The woman had set herself up with a fold-up chair, carried out from the nearest tent by one of the men. She sat and fanned herself with a slim pamphlet or magazine, her legs crossed. Her shoes were standard brogues but with a small heel and polished to a shine. She flicked her hair back as she watched the men remove their shoes and socks, piling them to one side. She was knowingly beautiful and Evie noticed more than one of the men throwing a glance or a comment her way, trying to attract her attention.
The game got underway and, with the men distracted, Evie moved closer. ‘Excuse me?’ The woman didn’t hear her so she took another tentative pace forward as though playing Grandmother’s Footsteps, wanting the woman to turn but uncertain what to say when she did.
‘Rose?’ A male voice called out from behind her, both Evie and the woman turning. ‘Have you seen my notebook?’
‘You left it lying about. Marge almost threw it away.’ The woman, Rose, reached under her chair and retrieved a battered blue book, a pencil trapped within its pages.

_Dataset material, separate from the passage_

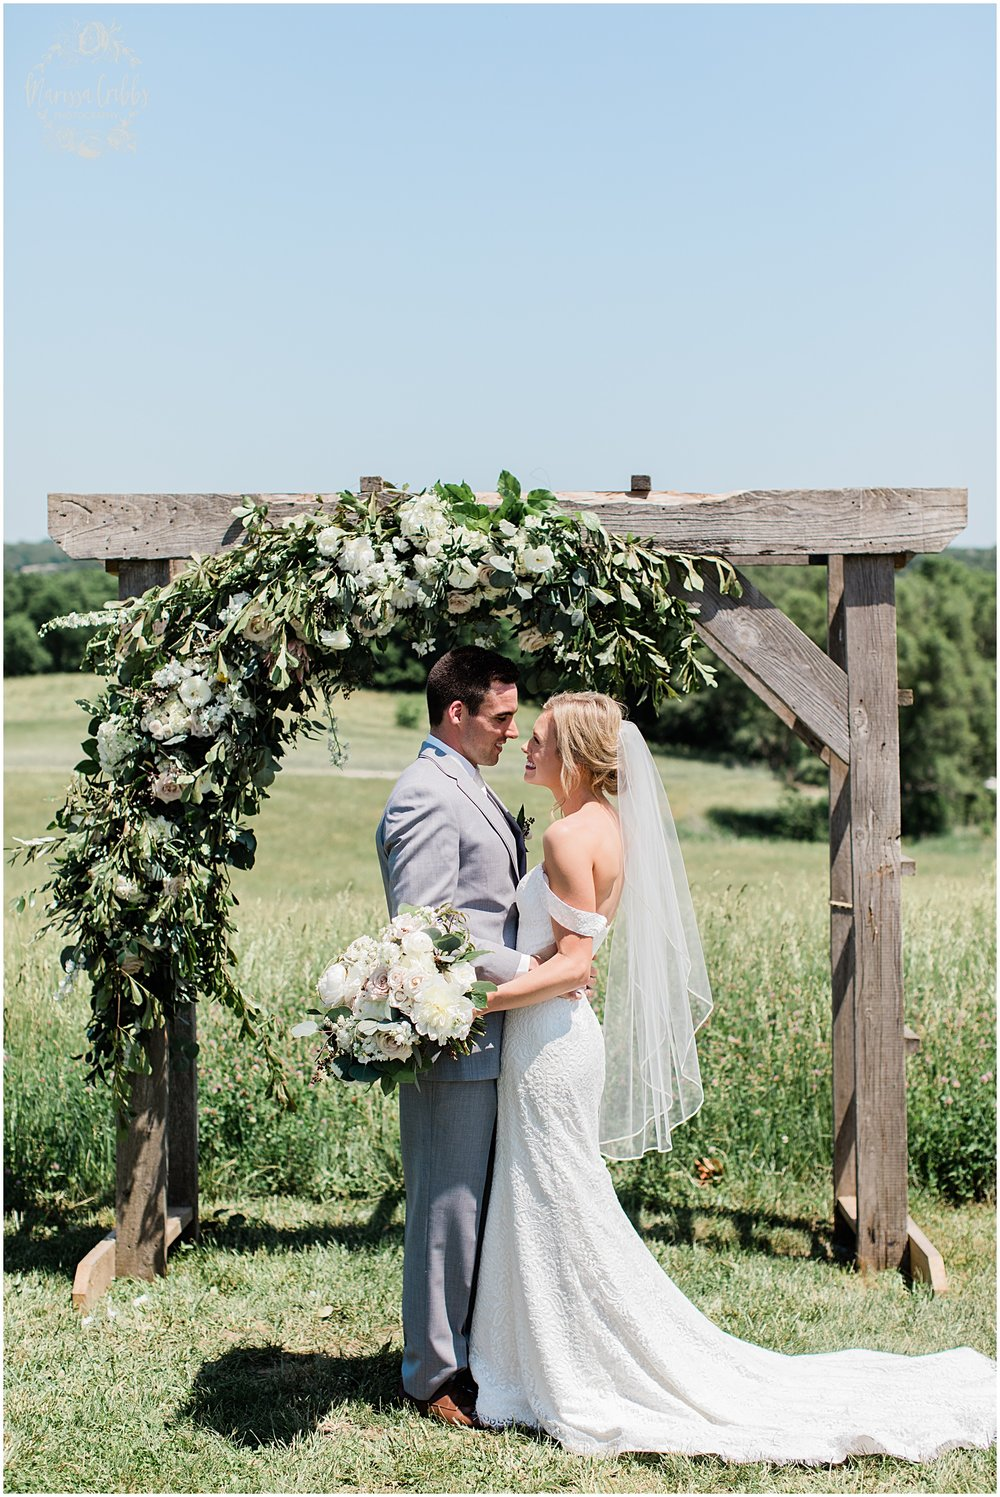 RHODES WEDDING | WESTON RED BARN FARM | MARISSA CRIBBS PHOTOGRAPHY_5227.jpg

The man looked at Evie and she felt her cheeks redden beneath his stare. He looked only a little older than her but he was different to the boys she’d gone to school with. Years of rationing and light deprivation had left them scrawny and pasty. This man was well-fed, tall, and the sun hit the angles of his cheekbones so that it seemed to her, in that moment, that he was the source of the light.
‘Can we help you?’ Rose walked over.
‘Oh. I just…’ What was wrong with her? She’d been standing across the street for half an hour, thinking of nothing but clever introductions, and now she couldn’t formulate a simple sentence? ‘Sorry, I…’

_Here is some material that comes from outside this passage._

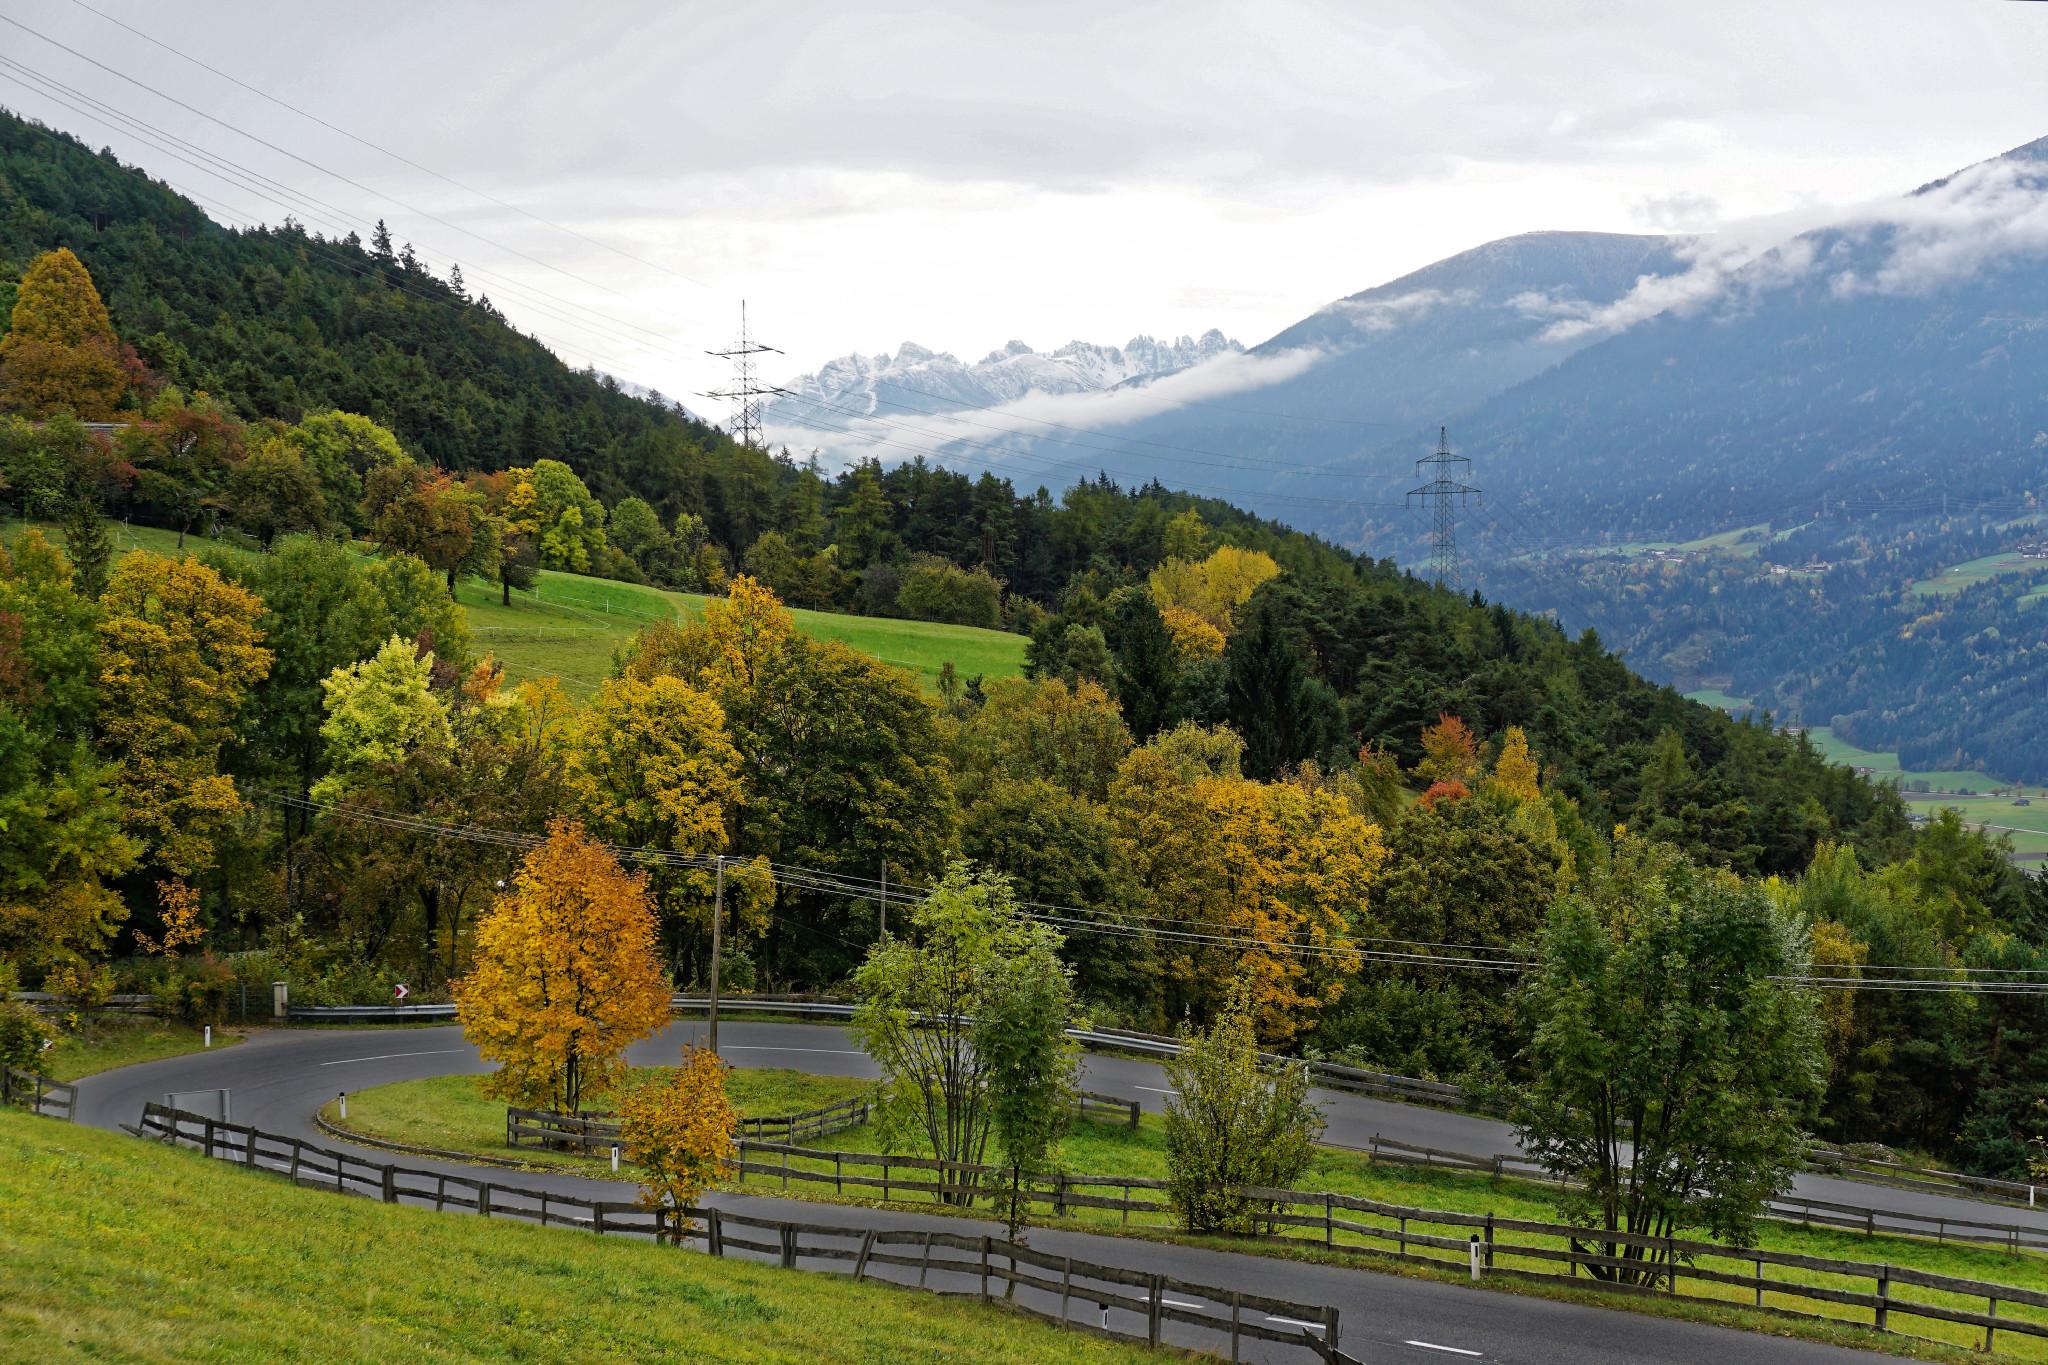 Fahrtraining in den Bergen

‘You’re from round here?’ the man interrupted.
‘Yes. I live over in Brixton.’ She pointed in the general direction.
Rose handed him the notebook. ‘Lawrie, stop pestering the poor girl. She only came to see what was going on, didn’t you?’
Evie nodded, feeling foolish. The man called Lawrie smiled at her and for almost six seconds she forgot to breathe. She felt sweat gather in shallow pools under her arms, trapped by the restrictive white blouse that was prescribed as uniform for her secretarial college. She should have made more effort with her hair, not just scraped it back and forced it into a bun. Compared to Rose, she felt like a little girl.
‘Why don’t you come and watch?’ Rose invited. ‘This lot are mad about cricket and it’ll be nice to have a girl to chat to.’